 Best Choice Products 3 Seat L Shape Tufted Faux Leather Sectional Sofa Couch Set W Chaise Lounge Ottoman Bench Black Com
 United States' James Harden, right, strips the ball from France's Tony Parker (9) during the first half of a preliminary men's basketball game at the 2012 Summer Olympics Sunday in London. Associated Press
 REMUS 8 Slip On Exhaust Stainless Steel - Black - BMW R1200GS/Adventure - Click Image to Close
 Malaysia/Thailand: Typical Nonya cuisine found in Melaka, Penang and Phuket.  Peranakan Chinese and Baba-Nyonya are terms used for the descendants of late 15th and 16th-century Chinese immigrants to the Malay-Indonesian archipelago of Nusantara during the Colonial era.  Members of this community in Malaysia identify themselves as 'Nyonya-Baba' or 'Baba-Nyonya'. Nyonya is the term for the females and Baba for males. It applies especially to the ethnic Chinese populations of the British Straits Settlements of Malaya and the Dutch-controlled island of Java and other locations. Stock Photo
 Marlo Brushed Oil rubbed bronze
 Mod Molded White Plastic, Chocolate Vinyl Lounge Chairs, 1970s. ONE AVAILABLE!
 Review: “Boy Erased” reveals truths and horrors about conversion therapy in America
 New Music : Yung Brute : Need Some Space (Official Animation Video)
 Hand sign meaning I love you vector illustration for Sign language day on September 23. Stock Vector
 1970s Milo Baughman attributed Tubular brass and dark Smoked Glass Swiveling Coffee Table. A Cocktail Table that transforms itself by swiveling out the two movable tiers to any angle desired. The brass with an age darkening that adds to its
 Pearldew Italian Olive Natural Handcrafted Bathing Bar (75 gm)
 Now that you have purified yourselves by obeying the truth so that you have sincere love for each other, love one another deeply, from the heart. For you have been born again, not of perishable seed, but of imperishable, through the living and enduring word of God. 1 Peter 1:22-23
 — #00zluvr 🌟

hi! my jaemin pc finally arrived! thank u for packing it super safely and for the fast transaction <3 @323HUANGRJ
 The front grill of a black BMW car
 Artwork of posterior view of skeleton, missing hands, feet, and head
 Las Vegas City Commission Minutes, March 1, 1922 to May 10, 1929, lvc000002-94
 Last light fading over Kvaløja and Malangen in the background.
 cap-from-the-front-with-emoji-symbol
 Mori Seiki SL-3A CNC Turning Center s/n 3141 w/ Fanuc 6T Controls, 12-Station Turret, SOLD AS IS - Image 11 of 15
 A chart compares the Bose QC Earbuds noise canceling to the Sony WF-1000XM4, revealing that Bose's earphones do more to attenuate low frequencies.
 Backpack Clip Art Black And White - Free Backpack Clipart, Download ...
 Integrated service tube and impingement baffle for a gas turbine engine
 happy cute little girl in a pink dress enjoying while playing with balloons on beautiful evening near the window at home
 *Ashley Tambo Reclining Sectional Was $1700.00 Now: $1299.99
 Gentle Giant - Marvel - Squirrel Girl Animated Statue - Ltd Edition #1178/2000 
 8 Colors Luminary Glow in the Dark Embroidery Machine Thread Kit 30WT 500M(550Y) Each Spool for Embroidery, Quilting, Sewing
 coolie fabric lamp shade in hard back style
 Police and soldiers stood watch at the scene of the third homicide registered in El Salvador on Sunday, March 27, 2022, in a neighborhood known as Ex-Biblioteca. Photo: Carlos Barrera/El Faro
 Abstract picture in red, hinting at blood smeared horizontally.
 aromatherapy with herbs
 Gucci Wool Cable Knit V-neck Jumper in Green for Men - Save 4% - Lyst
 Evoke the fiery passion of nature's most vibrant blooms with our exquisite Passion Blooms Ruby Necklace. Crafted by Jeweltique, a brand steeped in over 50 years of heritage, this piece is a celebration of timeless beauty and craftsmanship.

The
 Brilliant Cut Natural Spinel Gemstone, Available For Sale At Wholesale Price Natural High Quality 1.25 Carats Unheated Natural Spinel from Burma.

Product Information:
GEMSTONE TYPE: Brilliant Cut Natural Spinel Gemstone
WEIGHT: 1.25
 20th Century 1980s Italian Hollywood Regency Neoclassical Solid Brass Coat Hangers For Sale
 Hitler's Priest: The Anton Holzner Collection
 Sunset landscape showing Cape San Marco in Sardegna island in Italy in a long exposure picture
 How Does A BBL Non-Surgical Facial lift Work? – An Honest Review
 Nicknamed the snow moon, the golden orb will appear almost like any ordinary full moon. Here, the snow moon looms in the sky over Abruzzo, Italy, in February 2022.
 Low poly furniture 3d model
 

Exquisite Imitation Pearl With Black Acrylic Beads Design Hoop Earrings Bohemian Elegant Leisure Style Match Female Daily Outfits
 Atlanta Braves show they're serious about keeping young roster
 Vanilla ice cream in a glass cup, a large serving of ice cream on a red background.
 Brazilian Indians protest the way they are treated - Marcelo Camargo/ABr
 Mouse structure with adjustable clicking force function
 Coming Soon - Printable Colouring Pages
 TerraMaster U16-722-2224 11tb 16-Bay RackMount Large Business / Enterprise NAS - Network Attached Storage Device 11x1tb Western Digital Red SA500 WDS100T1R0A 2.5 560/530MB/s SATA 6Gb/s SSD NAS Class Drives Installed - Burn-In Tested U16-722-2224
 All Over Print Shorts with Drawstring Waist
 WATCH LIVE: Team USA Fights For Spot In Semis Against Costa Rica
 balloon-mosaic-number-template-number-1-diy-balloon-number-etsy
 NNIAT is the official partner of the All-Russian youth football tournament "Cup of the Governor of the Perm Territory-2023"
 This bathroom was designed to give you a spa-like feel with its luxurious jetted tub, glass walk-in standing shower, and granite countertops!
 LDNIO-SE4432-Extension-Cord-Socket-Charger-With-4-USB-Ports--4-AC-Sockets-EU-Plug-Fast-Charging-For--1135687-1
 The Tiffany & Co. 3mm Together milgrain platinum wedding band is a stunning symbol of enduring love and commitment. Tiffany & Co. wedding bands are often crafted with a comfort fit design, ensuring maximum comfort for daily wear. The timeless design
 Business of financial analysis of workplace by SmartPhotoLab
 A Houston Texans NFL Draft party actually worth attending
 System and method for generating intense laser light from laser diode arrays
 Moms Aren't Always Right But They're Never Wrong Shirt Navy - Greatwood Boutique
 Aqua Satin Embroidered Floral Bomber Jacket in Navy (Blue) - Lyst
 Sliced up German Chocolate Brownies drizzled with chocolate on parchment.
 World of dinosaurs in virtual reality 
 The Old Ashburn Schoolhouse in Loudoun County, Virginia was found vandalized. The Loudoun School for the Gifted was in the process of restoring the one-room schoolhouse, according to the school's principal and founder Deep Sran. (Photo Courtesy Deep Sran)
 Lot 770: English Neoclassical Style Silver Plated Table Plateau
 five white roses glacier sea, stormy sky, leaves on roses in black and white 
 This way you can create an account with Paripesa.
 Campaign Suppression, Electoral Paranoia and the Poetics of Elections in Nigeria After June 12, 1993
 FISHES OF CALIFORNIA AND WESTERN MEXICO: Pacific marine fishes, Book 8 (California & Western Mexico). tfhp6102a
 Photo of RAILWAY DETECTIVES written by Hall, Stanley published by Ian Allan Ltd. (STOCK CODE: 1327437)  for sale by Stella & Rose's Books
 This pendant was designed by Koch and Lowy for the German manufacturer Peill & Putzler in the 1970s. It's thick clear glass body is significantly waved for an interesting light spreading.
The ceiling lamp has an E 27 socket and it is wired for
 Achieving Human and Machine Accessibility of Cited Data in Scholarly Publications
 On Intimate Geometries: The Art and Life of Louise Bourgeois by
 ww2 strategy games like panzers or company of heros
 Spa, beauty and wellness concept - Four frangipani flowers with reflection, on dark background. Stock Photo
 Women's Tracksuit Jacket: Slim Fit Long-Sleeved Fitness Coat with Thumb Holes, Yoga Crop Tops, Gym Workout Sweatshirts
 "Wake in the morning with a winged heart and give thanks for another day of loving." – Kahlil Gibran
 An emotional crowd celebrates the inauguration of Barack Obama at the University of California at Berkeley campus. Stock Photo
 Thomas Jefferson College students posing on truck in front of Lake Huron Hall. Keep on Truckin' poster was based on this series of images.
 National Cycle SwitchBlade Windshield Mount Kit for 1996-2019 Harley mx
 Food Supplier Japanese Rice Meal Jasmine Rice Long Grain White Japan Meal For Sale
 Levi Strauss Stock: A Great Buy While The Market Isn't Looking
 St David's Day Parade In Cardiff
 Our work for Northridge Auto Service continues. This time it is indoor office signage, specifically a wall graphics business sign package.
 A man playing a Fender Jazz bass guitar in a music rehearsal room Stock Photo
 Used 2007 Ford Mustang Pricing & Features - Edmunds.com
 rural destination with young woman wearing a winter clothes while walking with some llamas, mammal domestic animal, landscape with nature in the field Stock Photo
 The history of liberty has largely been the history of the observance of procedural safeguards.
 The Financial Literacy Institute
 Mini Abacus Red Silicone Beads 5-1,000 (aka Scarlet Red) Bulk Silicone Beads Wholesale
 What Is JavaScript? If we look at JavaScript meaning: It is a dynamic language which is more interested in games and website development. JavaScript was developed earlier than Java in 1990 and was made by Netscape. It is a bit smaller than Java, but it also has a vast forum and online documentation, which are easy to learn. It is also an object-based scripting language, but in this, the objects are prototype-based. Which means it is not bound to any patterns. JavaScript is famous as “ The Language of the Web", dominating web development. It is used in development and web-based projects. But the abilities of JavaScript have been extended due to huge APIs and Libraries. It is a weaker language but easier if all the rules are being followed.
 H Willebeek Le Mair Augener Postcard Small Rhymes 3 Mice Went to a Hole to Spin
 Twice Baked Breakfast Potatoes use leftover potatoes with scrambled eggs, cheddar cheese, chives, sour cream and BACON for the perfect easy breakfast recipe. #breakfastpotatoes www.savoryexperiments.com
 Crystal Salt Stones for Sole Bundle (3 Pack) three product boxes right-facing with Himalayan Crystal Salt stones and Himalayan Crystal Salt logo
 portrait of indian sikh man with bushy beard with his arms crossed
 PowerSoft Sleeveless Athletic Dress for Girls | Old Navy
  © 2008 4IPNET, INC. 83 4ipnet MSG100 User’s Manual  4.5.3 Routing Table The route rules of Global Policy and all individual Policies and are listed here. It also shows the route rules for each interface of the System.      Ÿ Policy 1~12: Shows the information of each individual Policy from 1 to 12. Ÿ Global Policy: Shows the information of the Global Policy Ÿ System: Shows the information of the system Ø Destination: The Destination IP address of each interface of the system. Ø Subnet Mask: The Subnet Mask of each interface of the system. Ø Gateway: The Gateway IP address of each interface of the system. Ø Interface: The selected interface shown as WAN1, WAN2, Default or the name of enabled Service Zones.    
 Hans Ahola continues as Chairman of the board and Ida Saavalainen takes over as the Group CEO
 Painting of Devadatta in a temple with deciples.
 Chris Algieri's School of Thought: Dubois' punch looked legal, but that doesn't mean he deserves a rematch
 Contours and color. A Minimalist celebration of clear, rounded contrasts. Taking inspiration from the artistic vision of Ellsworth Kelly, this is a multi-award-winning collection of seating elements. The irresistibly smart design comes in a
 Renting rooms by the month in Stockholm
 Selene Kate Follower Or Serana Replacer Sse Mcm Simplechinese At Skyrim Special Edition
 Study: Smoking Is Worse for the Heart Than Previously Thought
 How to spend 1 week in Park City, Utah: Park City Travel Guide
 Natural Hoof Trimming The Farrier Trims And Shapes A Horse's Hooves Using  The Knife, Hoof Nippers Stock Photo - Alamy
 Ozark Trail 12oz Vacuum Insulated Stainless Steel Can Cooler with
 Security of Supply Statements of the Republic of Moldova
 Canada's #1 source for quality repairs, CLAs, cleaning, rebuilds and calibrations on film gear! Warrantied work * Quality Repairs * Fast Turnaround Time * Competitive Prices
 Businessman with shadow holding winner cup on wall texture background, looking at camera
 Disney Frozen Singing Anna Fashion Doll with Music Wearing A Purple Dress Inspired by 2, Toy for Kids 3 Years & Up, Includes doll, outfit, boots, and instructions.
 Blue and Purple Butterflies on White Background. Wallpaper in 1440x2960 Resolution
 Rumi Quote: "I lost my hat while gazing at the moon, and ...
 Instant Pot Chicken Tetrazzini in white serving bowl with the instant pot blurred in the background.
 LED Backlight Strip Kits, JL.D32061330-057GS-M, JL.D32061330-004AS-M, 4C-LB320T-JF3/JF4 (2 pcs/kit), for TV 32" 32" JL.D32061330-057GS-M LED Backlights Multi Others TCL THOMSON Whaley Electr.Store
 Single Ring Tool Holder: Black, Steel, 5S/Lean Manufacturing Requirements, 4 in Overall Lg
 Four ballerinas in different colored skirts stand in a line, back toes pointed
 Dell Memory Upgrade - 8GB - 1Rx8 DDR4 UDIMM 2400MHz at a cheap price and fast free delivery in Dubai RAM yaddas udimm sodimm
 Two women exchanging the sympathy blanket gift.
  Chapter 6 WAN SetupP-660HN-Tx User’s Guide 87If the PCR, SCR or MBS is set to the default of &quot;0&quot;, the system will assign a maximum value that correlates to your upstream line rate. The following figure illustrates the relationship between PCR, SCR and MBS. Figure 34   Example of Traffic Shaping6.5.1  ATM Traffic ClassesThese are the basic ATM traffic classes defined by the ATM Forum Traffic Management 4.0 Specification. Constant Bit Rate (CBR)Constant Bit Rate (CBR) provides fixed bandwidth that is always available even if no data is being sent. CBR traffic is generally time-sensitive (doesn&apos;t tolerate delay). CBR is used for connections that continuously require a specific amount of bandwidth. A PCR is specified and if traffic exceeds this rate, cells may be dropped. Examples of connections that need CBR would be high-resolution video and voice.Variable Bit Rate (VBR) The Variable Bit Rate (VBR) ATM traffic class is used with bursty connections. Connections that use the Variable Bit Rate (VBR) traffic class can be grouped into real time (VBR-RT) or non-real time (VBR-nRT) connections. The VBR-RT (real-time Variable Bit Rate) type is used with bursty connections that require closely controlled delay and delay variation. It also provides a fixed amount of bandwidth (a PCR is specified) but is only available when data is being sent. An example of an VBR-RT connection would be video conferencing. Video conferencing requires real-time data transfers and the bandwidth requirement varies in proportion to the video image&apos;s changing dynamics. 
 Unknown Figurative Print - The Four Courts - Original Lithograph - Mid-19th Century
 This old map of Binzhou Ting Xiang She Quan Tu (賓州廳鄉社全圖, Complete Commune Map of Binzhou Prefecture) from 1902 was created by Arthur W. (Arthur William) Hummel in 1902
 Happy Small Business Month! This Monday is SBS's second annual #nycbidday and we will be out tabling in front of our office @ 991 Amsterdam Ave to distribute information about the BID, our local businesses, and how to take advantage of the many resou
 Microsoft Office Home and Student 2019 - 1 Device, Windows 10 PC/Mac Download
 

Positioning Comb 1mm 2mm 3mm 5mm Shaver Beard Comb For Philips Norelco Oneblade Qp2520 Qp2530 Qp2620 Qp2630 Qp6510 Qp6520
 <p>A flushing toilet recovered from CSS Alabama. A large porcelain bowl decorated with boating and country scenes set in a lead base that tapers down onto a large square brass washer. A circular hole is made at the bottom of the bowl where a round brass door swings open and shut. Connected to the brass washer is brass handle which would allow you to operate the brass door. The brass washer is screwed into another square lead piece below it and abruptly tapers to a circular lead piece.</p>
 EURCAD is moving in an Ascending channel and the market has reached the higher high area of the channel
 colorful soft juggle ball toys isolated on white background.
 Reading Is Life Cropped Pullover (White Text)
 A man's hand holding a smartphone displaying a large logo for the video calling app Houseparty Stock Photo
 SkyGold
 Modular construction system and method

━━━

▶ [PROBLEM STATEMENT] Return, exactly, the lines from the first line of the records above to the line containing "The front grill of a black BMW car", both included.

▶ [ANSWER TO THE EXERCISE]
 Best Choice Products 3 Seat L Shape Tufted Faux Leather Sectional Sofa Couch Set W Chaise Lounge Ottoman Bench Black Com
 United States' James Harden, right, strips the ball from France's Tony Parker (9) during the first half of a preliminary men's basketball game at the 2012 Summer Olympics Sunday in London. Associated Press
 REMUS 8 Slip On Exhaust Stainless Steel - Black - BMW R1200GS/Adventure - Click Image to Close
 Malaysia/Thailand: Typical Nonya cuisine found in Melaka, Penang and Phuket.  Peranakan Chinese and Baba-Nyonya are terms used for the descendants of late 15th and 16th-century Chinese immigrants to the Malay-Indonesian archipelago of Nusantara during the Colonial era.  Members of this community in Malaysia identify themselves as 'Nyonya-Baba' or 'Baba-Nyonya'. Nyonya is the term for the females and Baba for males. It applies especially to the ethnic Chinese populations of the British Straits Settlements of Malaya and the Dutch-controlled island of Java and other locations. Stock Photo
 Marlo Brushed Oil rubbed bronze
 Mod Molded White Plastic, Chocolate Vinyl Lounge Chairs, 1970s. ONE AVAILABLE!
 Review: “Boy Erased” reveals truths and horrors about conversion therapy in America
 New Music : Yung Brute : Need Some Space (Official Animation Video)
 Hand sign meaning I love you vector illustration for Sign language day on September 23. Stock Vector
 1970s Milo Baughman attributed Tubular brass and dark Smoked Glass Swiveling Coffee Table. A Cocktail Table that transforms itself by swiveling out the two movable tiers to any angle desired. The brass with an age darkening that adds to its
 Pearldew Italian Olive Natural Handcrafted Bathing Bar (75 gm)
 Now that you have purified yourselves by obeying the truth so that you have sincere love for each other, love one another deeply, from the heart. For you have been born again, not of perishable seed, but of imperishable, through the living and enduring word of God. 1 Peter 1:22-23
 — #00zluvr 🌟

hi! my jaemin pc finally arrived! thank u for packing it super safely and for the fast transaction <3 @323HUANGRJ
 The front grill of a black BMW car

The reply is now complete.